Does everyone love Craig Ferguson as the new host of "The Late Late Show" on CBS? I have an unholy bias, as his accent makes it such that everything he says is perfect and makes me shudder to climax, etc, etc.

I sort of forgot how much I love Rufus Wainwright until the drives to and from Kansas wherein I listened to "Want One" like six times. He is my generation's Michael Stipe in that a) he is gay and b) every word he sings is completely incomprehensible. This does little to stop me from yelling at the top of my lungs, trying to at least match him in tone and rhythm, and even then I still sort of suck hard.

Here is a question for all you ladies: Is she giving me the eye or is she just checking to see if creepy Nate is staring still? This could apply to any number of people (Strangely Appealing Girl at Work, Cute Artfag Babysitter I Cross the Guard for Sometimes, I mean you).

Missy's was good. Kansans are fat. There were a lot of fat Kansans wearing ugly purple sweatshirts. Like, I know we wear a lot of stupid orange here, but somehow our color comes off as less obnoxious than theirs. Uh, as far as what we did? Ran errands, shopped in cute little local stores (Too poor to buy anything), ate a lot, slept a lot. On Friday night, it was the usual bizarre situation with me as the only male in a group of like 10 girls, all of whom apparently do not like each other very much but are also too nice to actually try and stop being friends. This led to some rather amusing drunken conflict throughout the night. I tried to just stand back and watch, as Missy ran around, tumbling over and calling them bitches. Not that she was entirely in the wrong - we were basically dragged to some house for what should have even be jokingly referred to as a party: a lot of fat, ugly people sitting around and watching the first Batman movie on TV. We got yelled at for trying to have any sort of fun at all. As such, I was ordered by Missy to take what hygeine products I could from everyone's bathroom. Done and done. The second house was better, as at least there was music (although, if there wasn't, it might go a long way as to explain why that girl was so unnerved that I was screaming "Say It Ain't So" at here. And much Oasis) and foosball (Me vs. 2 Random Drunk Ho's - Yeah, boy!!!) and some vaguely friendly dog. Alcohol makes smelly dogs bearable to me. I'm not entirely sure who was made at whom, but I was glad Erica was not because she is fairly damn attractive, and should Missy ever decide to involve a third party, I would like her at the top of the nomination list. Hey - don't blame me; that's just the note I wrote for myself in the bathroom of somewhere.

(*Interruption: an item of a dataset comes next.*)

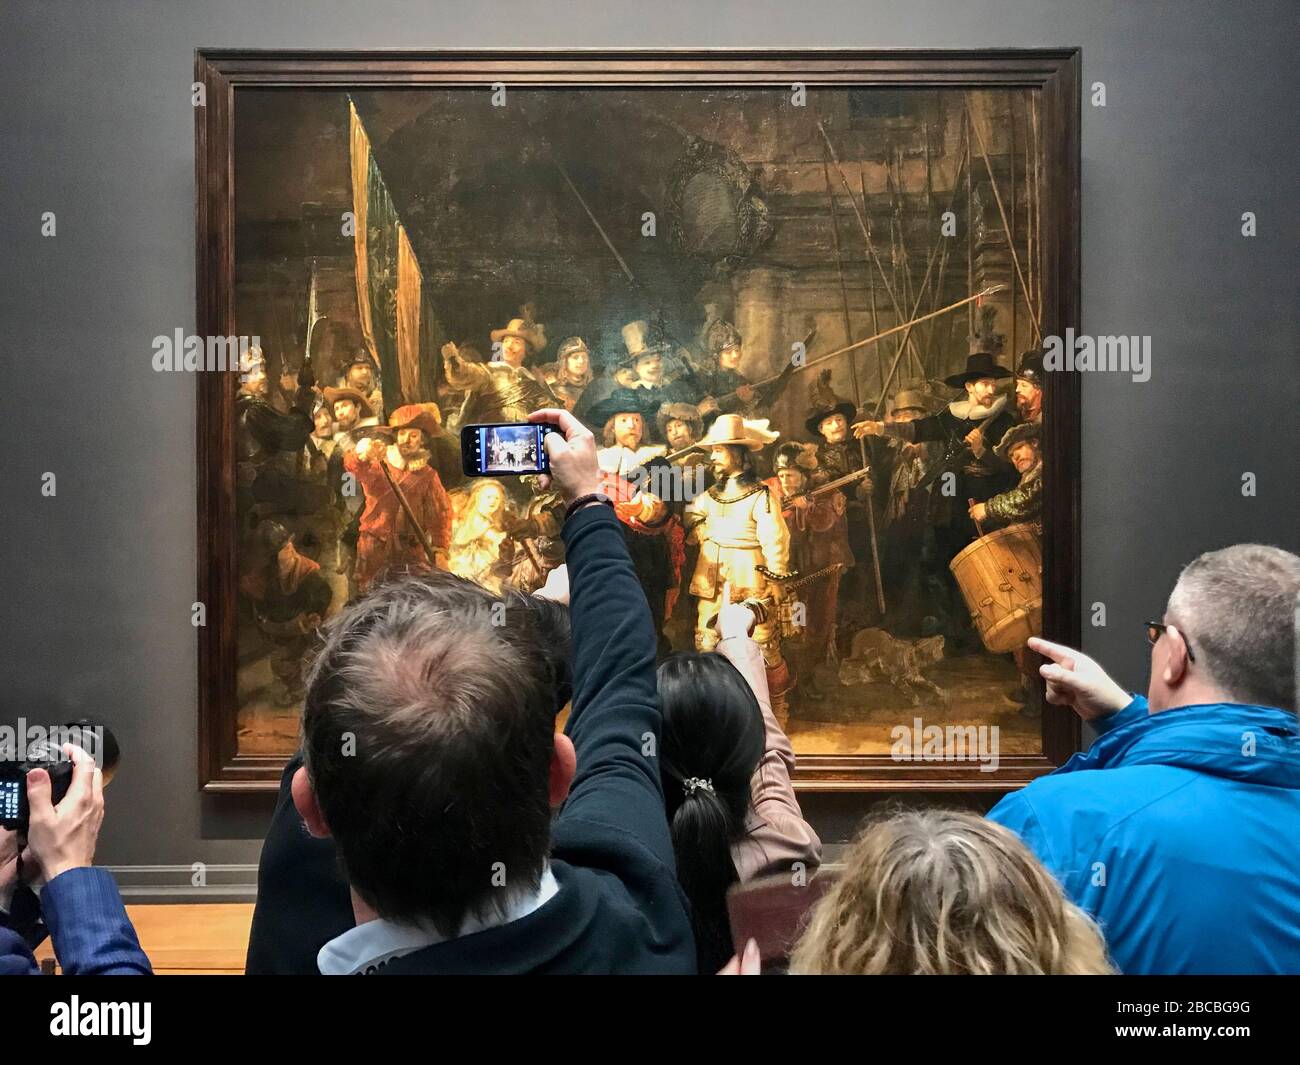 Rembrandt van Rijn's painting Night Watch in the Rijksmuseum in Amsterdam is a visitor magnet. Stock Photo
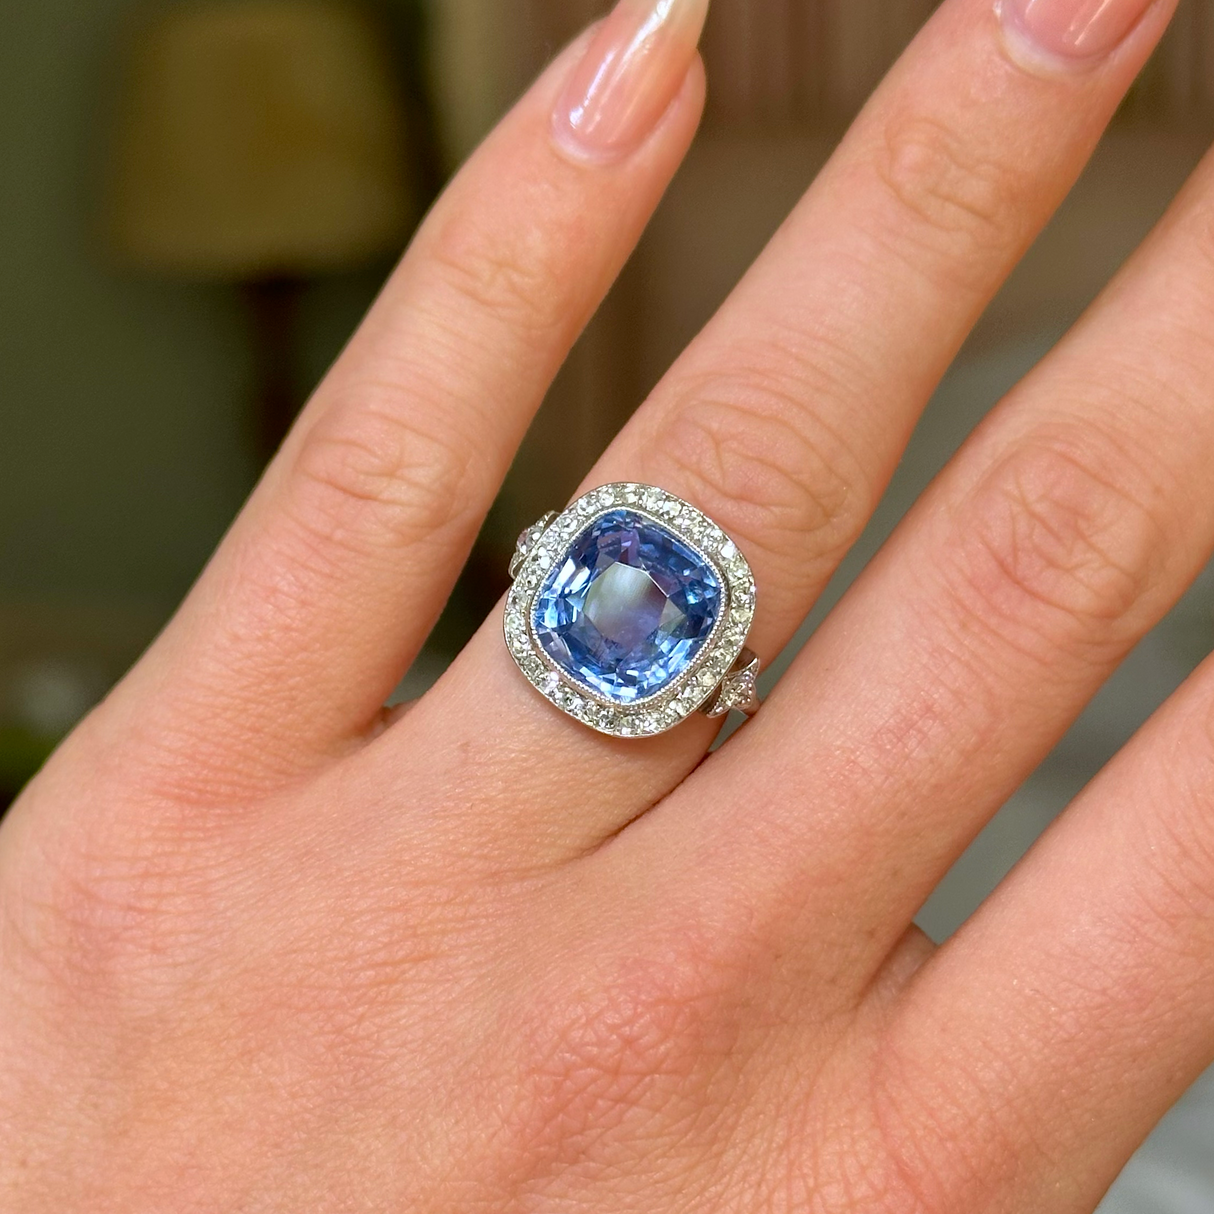 Antique, Belle Époque Sapphire and Diamond Cluster Ring, 18ct White Gold worn on hand. \

Two movies we watched: Bringing Out the Dead, which has been at the top of my Nic Cage list for a while now. I think I mostly liked it - the soundtrack was strange, and I would like to edit the movie and string together all the sped up driving sequences, to be set to "No Live Has Singed Her" by Pavement, but I don't know if that counts as a review. The second in our theme night (Movies with "Dead" in the title starring Tom Sizemore) was Pauly Shore is Dead, written, directed by, and starring the very same. Pretty much, it was the story of how Pauly Shore's life was in the shitter since he has, you know, no talent, so he decides to fake death to regain popularity. It was pretty bad, I suppose, but in a different, admirable way as compared to Pauly Shore movies. He didn't really pull any punches at all, right down to the scene where he is so poor, all he has to jack off to is the back cover of a porno he once owned. Why was that my example? Also, he pretty much had a cameo by every major semi-celebrity ever, and that takes some sort of charisma or something. Sean Penn, Chris Rock, Ellen DeGeneres, Pam Anderson, Britney Spears, Fred Durst, Vince Vaughn, all three Hansons, both Hiltons, Kato Kaelin, Adam Sandler, Montel, and dozens more besides. It made me laugh a lot, but that's hardly a rave review. Ditto Jesus Christ Vampire Hunter. I've sort of made it my personal mission to remake that movie. I don't why that movie, of all movies, needs to be redone, but it feel the compulsion, and who am I to question God's son?

Why it is bad to give your change to the homeless: Because when you want to buy an adult novelty from the machine in the gas station bathroom, you will not have enough quarters. None given, none taken.